Nikolaus Hieronymus Gundling was an active academic writer in the early Age of Enlightenment . His writings are still often held in university and state libraries today. The contents of his works are very diverse, they range from the historical to the philosophical to the legal, and are largely written in German.

  • Otia , Renger, Frankfurt 1706.
  • Observations Selectae , 1707.
  • Outline of a right-wing history of the empire , 1708.
  • Legal and Reasonable Covering of an I [uris] C [onsul] TI Who is impartial, From the Shameful Reprint of Other Corresponding Books , 1726.
  • Detailed discourse on the current state of the European states , 2 parts, Frankfurt, Leipzig, 1733, 1734.
  • Discovrs about Weyl. Mr. D. Io. Franc. Bvddei, SS. Th. Prof. Philosophiæ Practicæ Part. III. The Politic. o. V., Frankfurt (Main) and Leipzig 1733 ( digitized and full text in the German text archive ).
  • History of the knowledge or Discours about Heumanni conspectum reipublicae literariae , 3 parts, Frankfurt, 1734–1746.
  • Discours about H. de Cocceii juris publici prudentiam , Halle, 1735.
  • Schilterus illustratus or more detailed from the natural and Völcker law, German antiquities, and through remarkable examples, us of the old and new history of Germany. acad Discours about Jo. Schilteri German feudal law , Frankfurt, Leipzig, 1735.
  • Detailed explanation of Schilteri institutiones juris feudalis, provided with registers by Chr.Joh. Feustel , Frankfurt, Leipzig, 1736.
  • Thorough discussion on the Peace of Westphalia, to explain it, a Kurtze narration of the most important causes of the Thirty Years War From the time of the Reformation to the Peace of Westphalia , Frankfurt, Leipzig, 1736.
  • Singularia ad legem maiestatis itemque de silentio in hoc crimine ( la ). Johann Heinrich Gross, Frankfurt am Main 1737.
  • Ius naturae ac gentium ( la ). sumptibus Antonii Philibert, Genoa 1751.

The new library

In 1711 Gundling took over the publication of the magazine Die Neue Bibliothek . During this time, this magazine received a lot of attention , especially due to Gundling's sharp reviews .
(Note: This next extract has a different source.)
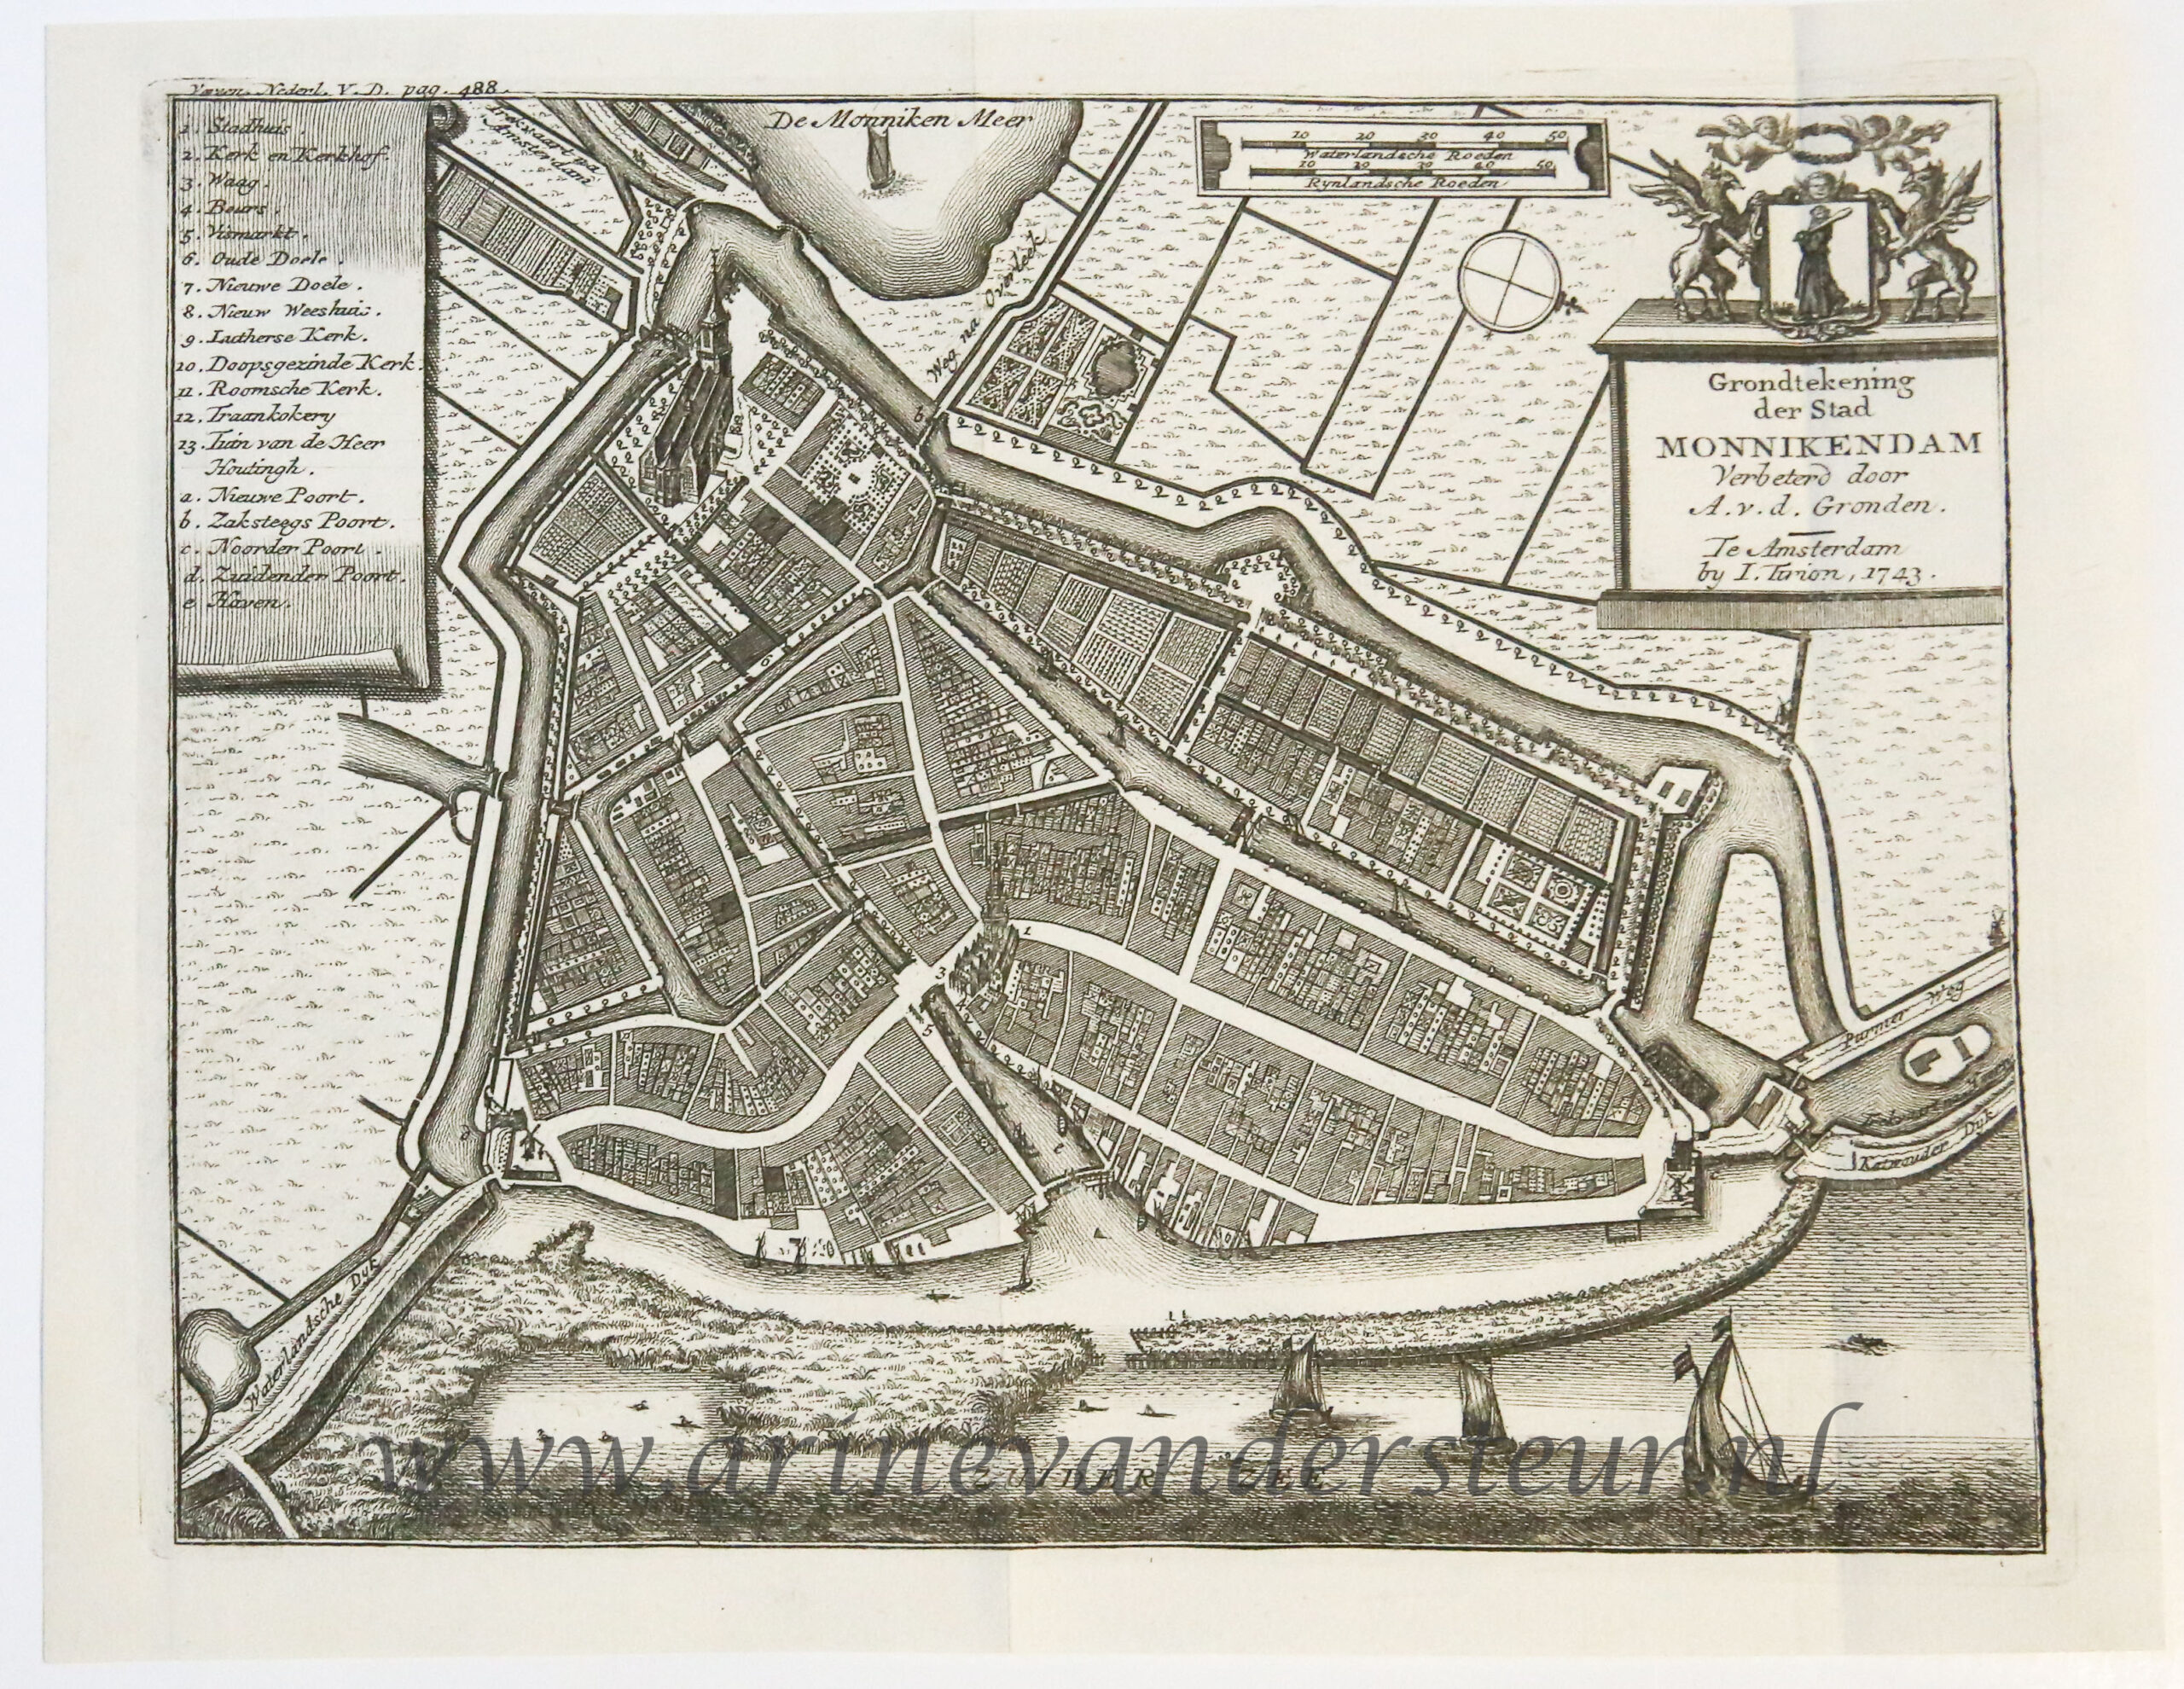  - [Antique print; cartography, oude prent Monneckendam] Grondtekening der Stad MONNIKENDAM, published 1743.

The Gundlingiana was a mainly authored by Gundling, published from 1715 until his death, scientific journal . Up to his death 44 booklets had appeared, a 45th edition was published posthumously in 1732 after a review of his handwritten estate . The Gundlingiana developed shortly after scientific journals had established themselves as a form of scientific publishing and is compared to modern blogs , as the scholar continuously presented his personal perspective on knowledge and sciences to the public. The subject areas dealt with included law, history, literature and linguistics as well as theological subjects. Gundling also published literary reviews and his personal correspondence in the magazine.


Web links

Commons : Nikolaus Hieronymus Gundling  - Collection of pictures, videos and audio files

Individual evidence

  1. Lukas C. Gundling: The Gundling family as it is in the book . In: Südwestdeutsche Blätter für Familien- und Wappenkunde (SWDB) Volume 35, Stuttgart 2017, pp. 18–84.
  2. Lukas C. Gundling: The free corporal Junker Johann Andreas von Gundling . In: Genealogical sheets of the Gundling family and related families , No. 14 (2019), p. 6 f.